To read this entire article link to: http://www.cdc.gov/mmwr

REF: Morbidity and Mortality Weekly Report, 51(51);1149-1152, January 3, 2003


 Outbreak of Botulism Type E Associated with
Eating a Beached Whale - Western Alaska, July 2002
    Botulism is a neuroparalytic illness caused by toxins produced by the bacterium Clostridium botulinum, an obligate anaerobe found commonly in the environment. Intoxication with toxin type E is associated exclusively with eating animal foods of marine (salt or fresh water) origin. Persons who eat raw or fermented marine fish and mammals are at high risk for botulism from type E toxin. On July 17, 2002, the Alaska Division of Public Health investigated a cluster of suspected botulism cases among residents of a fishing village in Alaska. This report summarizes the findings of the outbreak investigation, which linked disease to eating raw muktuk (skin and a pink blubber layer) from a beached whale. To avoid delays in treatment, health-care providers evaluating patients suspected of having botulism should base treatment decisions on clinical findings. Public health authorities should be notified immediately about any suspected botulism case.

    During July 13-15, residents of a western Alaska village on the Bering Sea shore shared a meal consisting of muktuk harvested from a beached adult beluga whale found near their village. The villagers estimated that the whale had been dead for at least several weeks. They cut the whale fluke (tail) into pieces and stored them in zipper-sealed plastic bags in a refrigerator until they were eaten 1 or 2 days later. On July 17, after a physician from western Alaska reported three suspected cases of botulism among patients who had eaten the muktuk, the Alaska Section of Epidemiology began an investigation.

    A case of foodborne botulism was defined as illness in a person who had eaten the muktuk and subsequently had symmetric descending flaccid paralysis of motor and autonomic nerves. Persons who ate muktuk were interviewed and examined, and their hospital records were reviewed. Serum, stool, and gastric contents from patients and leftover blubber were tested for botulinum toxin.

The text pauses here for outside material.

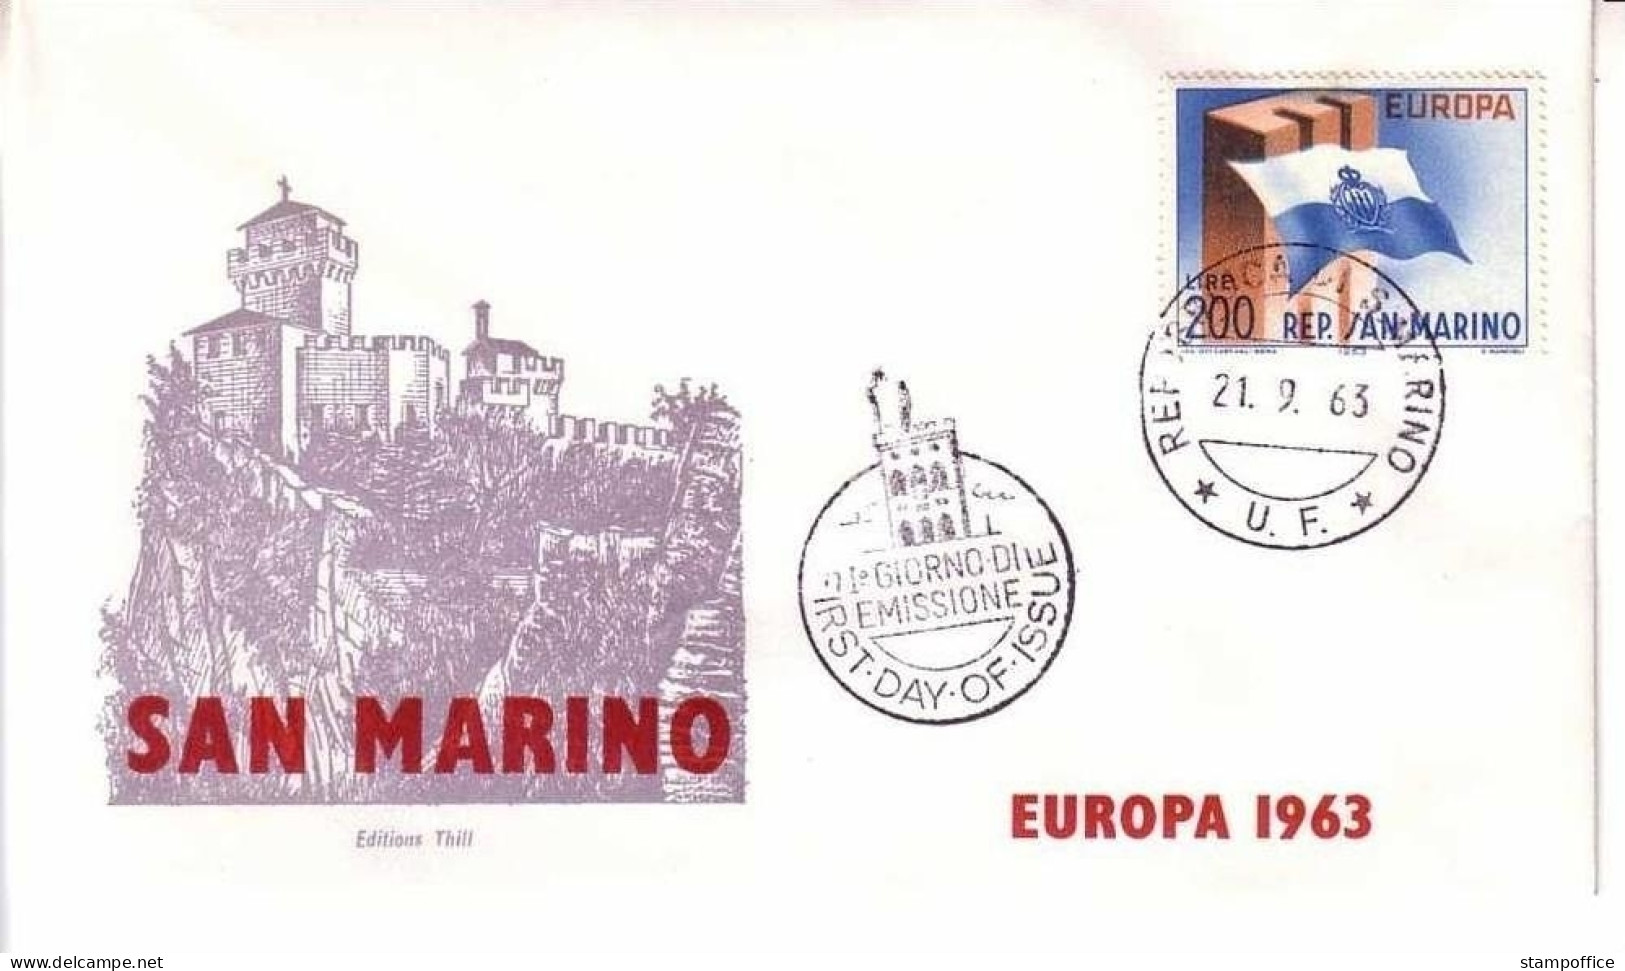 SAN MARINO MI-NR. 781 FDC CEPT 1963 - FDC

    Of 14 persons identified who ate the muktuk, eight (57%) had an illness that met the case definition. Five of the eight patients were female; the median age was 73 years (range: 13-83 years). Symptom onset after ingestion of muktuk occurred within 36 hours in all patients. Five patients were hospitalized, four received antitoxin, and two required mechanical ventilation. Three stool, three gastric fluid, and seven serum samples from the eight patients and seven samples of muktuk were tested for botulinum toxin at CDC's National Botulism Surveillance and Reference Laboratory. The diagnostic laboratory received all laboratory specimens on July 26, and results were reported on August 1. Type E toxin was detected in stool from one patient. All seven samples of muktuk were positive for type E botulinum toxin.

Editorial Note:  During 1973-1998, a total of 814 cases and an annual median of 24 cases (range: 14-94 cases) of foodborne botulism were reported to CDC; 236 (29%) of these cases occurred in Alaska. Although botulism is a rare disease, its presentation is distinctive (Because of the epidemic potential of foodborne botulism, every case should be reported and investigated immediately.)

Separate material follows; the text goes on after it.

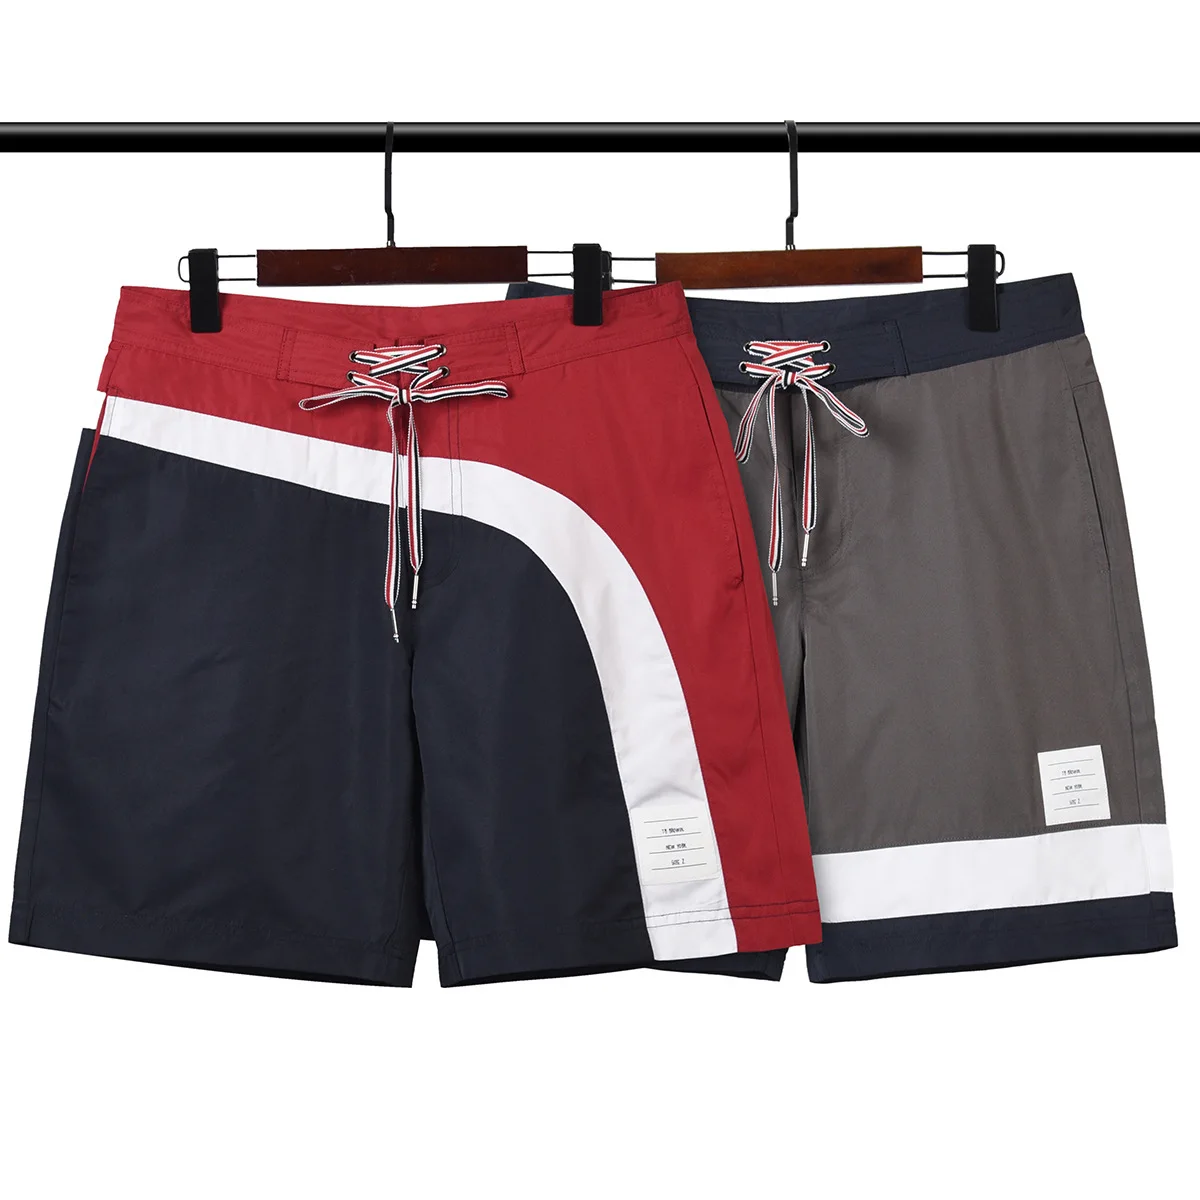 THOM BRIUN's new TB Beach pants Striped Split Pants for men and women sport casual pants

The probable mode of contamination of the whale in this outbreak was either growth and toxin secretion by C. botulinum present in the intestinal tract of the whale or traumatic introduction of C. botulinum spores into the beached whale tissue from contact with sand, rocks, and driftwood, and subsequent germination and toxin production. C. botulinum type E has been found in Alaska coastline soil, and outbreaks of botulism associated with eating beached marine mammals are documented. A previous report on the accumulation of C. botulinum toxins in the North Sea coastal food chain associated with beached whales suggested the disposal of the carcasses as a preventive measure. However, because of the impracticality of frequent scanning of the vast Alaska shoreline and high costs associated with disposal, the U.S. Fish and Wildlife Service does not remove beached mammal carcasses regularly.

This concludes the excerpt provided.